There’s still a type-instability in klm. This one is harder to understand. It is due to the fact that the appropriate meaning of a matrix square root depends on the nature of the matrix. In particular, the value could be a complex valued matrix instead of real valued. We know that Ω should be positive definite with a real matrix square root.
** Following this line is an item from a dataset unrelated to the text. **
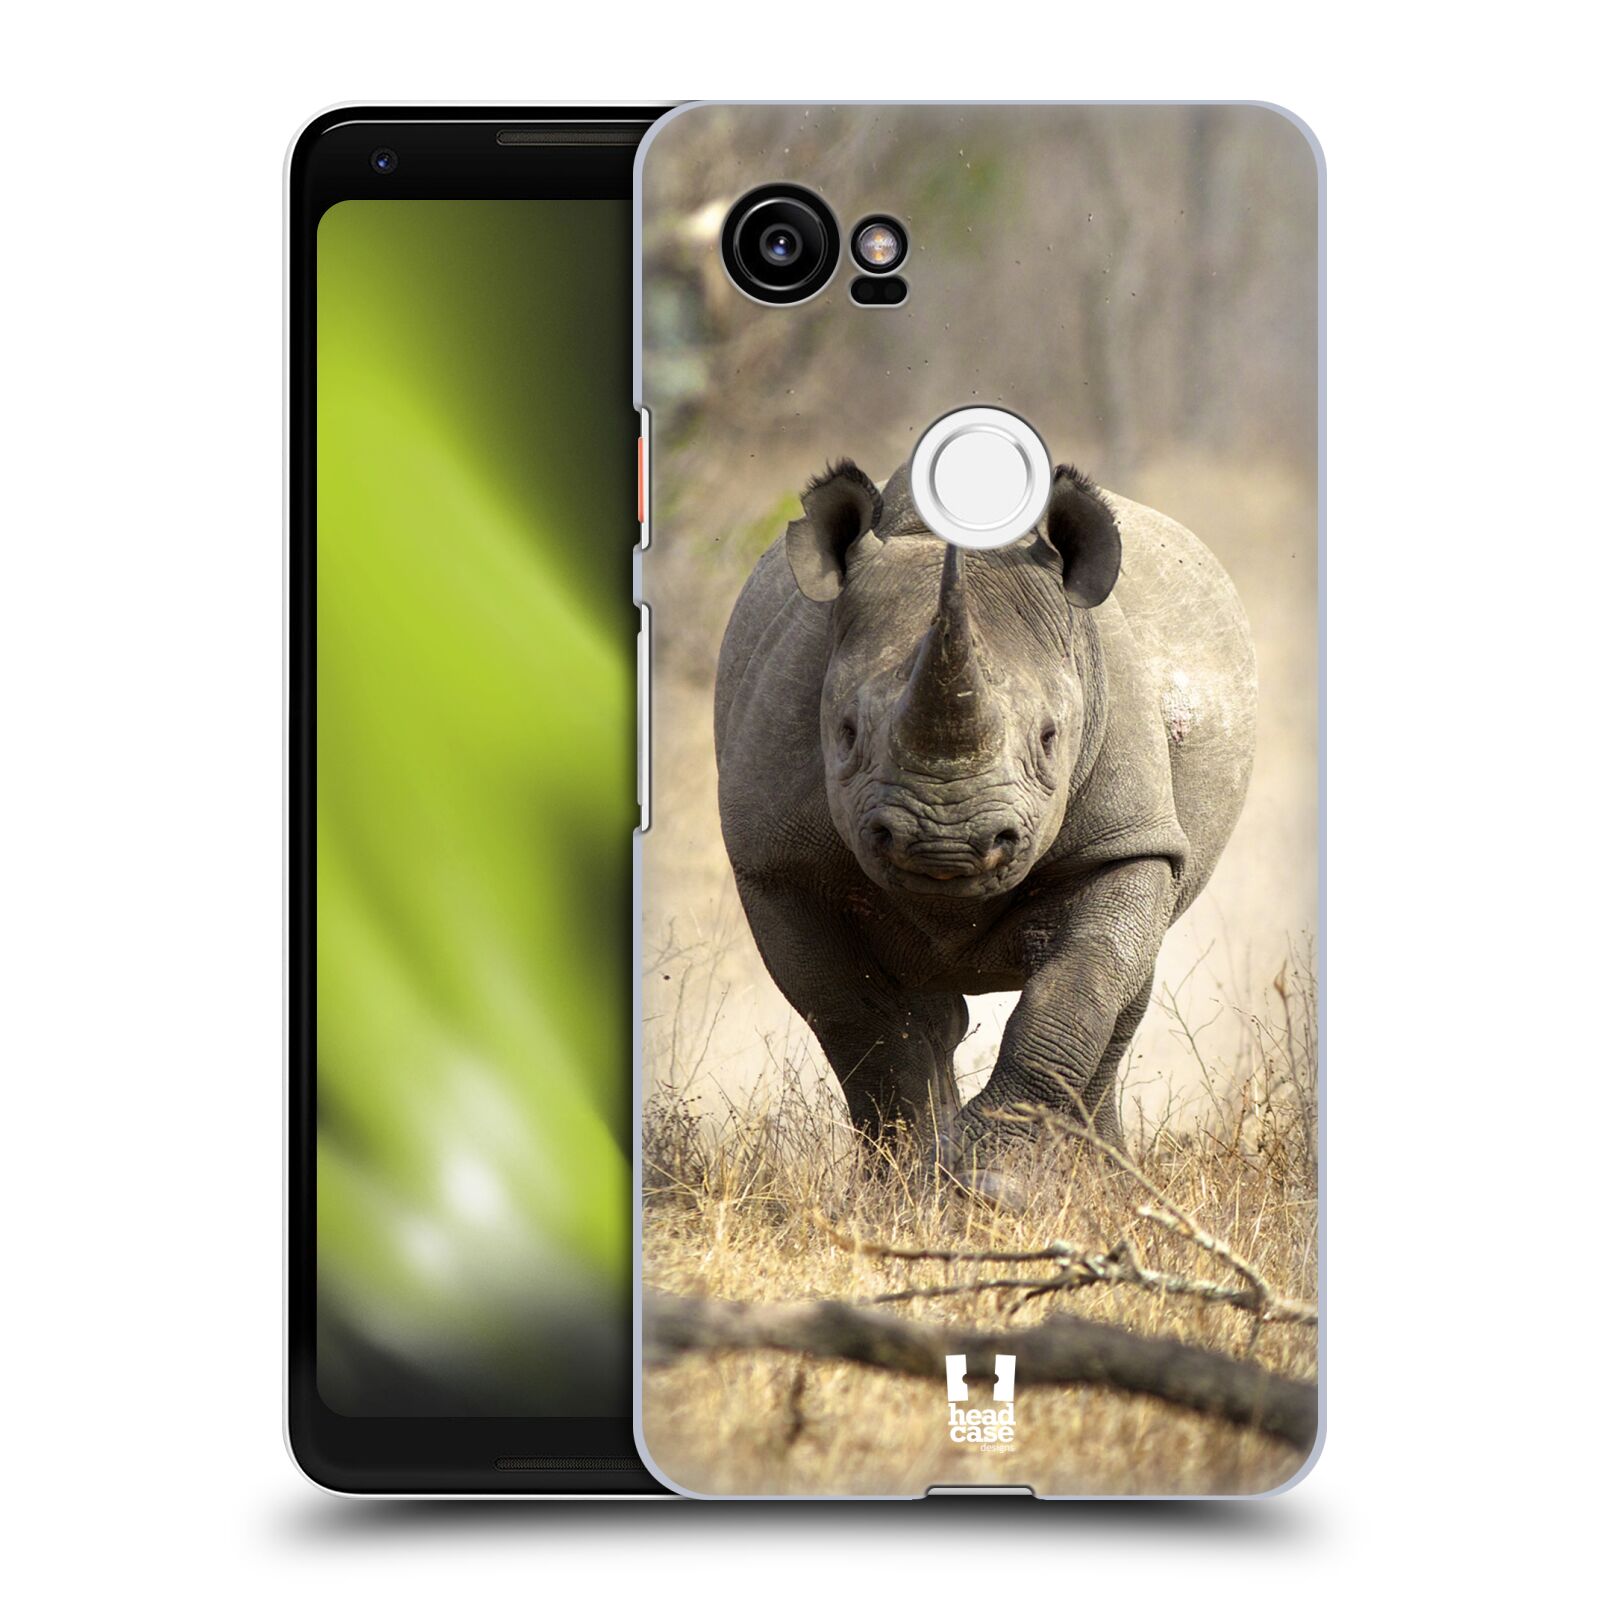 HEAD CASE plastový obal na mobil Google Pixel 2 XL vzor Divočina, Divoký život a zvířata foto AFRIKA BĚŽÍCÍ NOSOROŽEC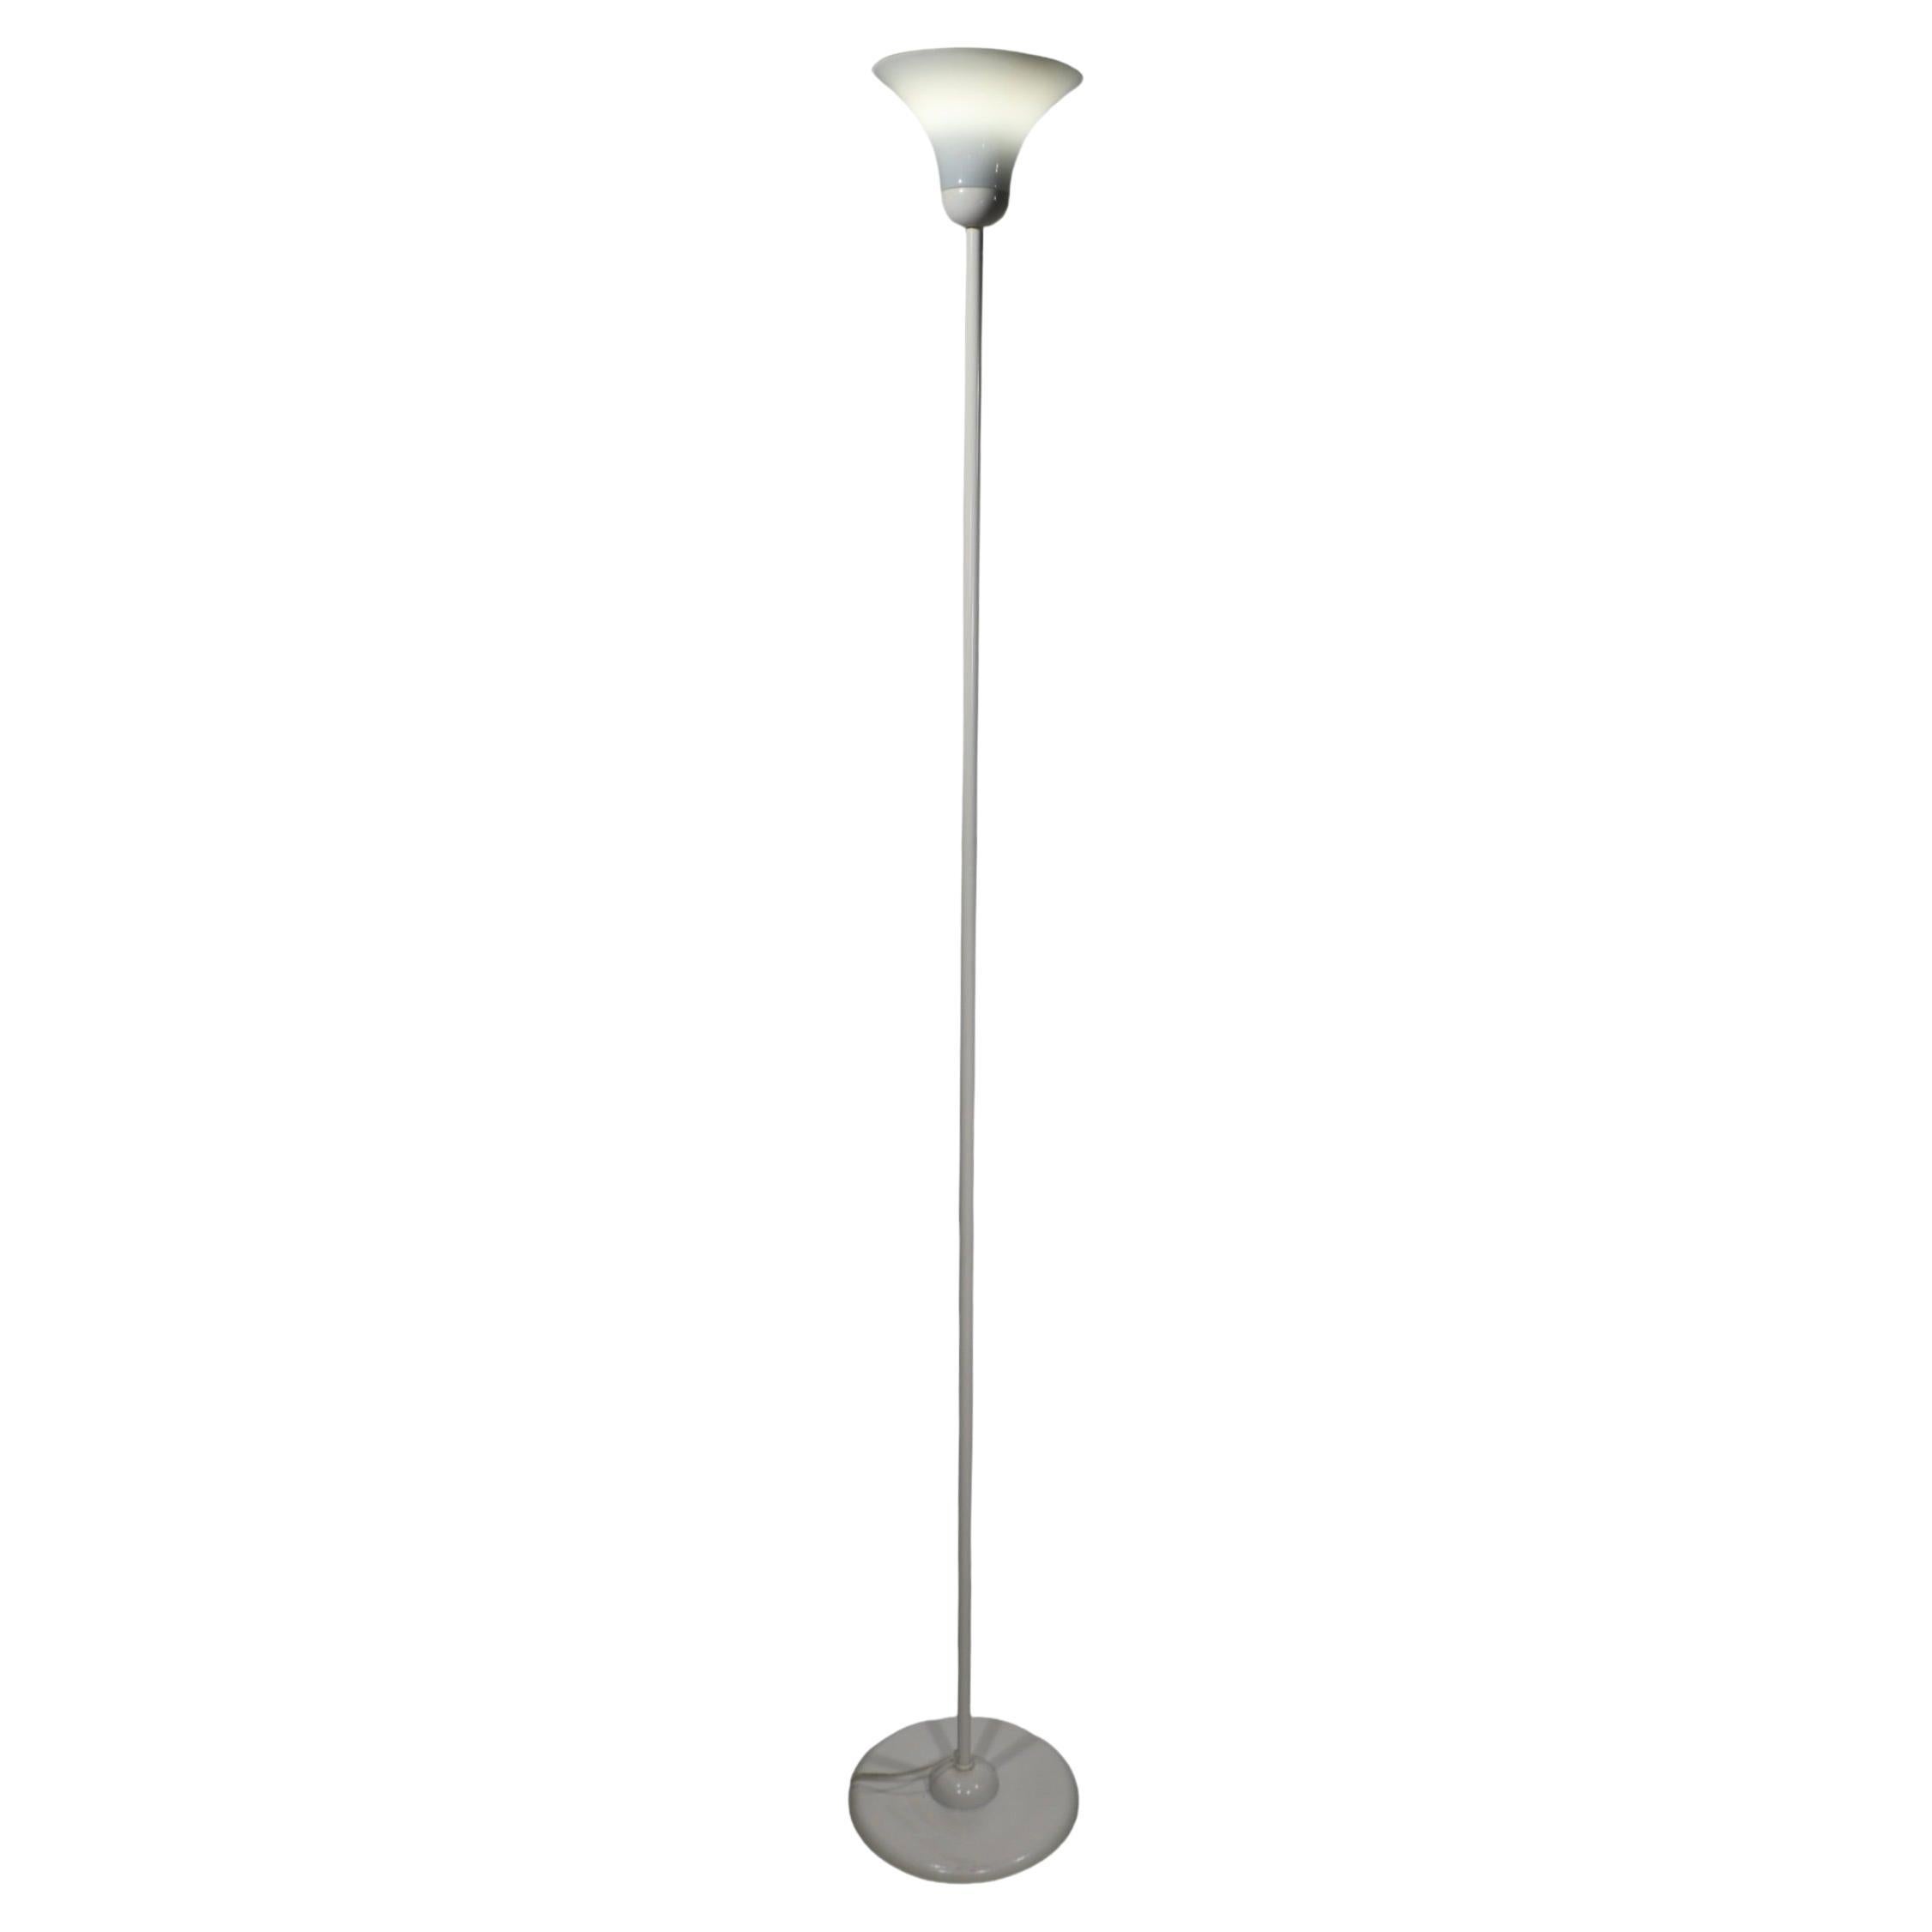 IKEA Floor Lamps

We can compute its square root from its Eigen decomposition and avoid the type instability.

function klm(gi::F ) where {F <: Function}
  let gi=gi
    function(θ)
      (n,k,p,gn, Ω, D, P) = statparts(gi)(θ)
      λ, v = eigen(Ω)
      irΩ = v*diagm.^(-1/2))*v'
      return n*(gn'*irΩ*P(irΩ*D)*irΩ*gn)[1]
    end
  end
end
klm (generic function with 1 method)
julia> @code_warntype klm(gi)(β0)
MethodInstance for (::var"#klm##2#klm##3"{var"#69#70"{Vector{Float64}, Matrix{Float64}, Matrix{Float64}}})(::Vector{Float64})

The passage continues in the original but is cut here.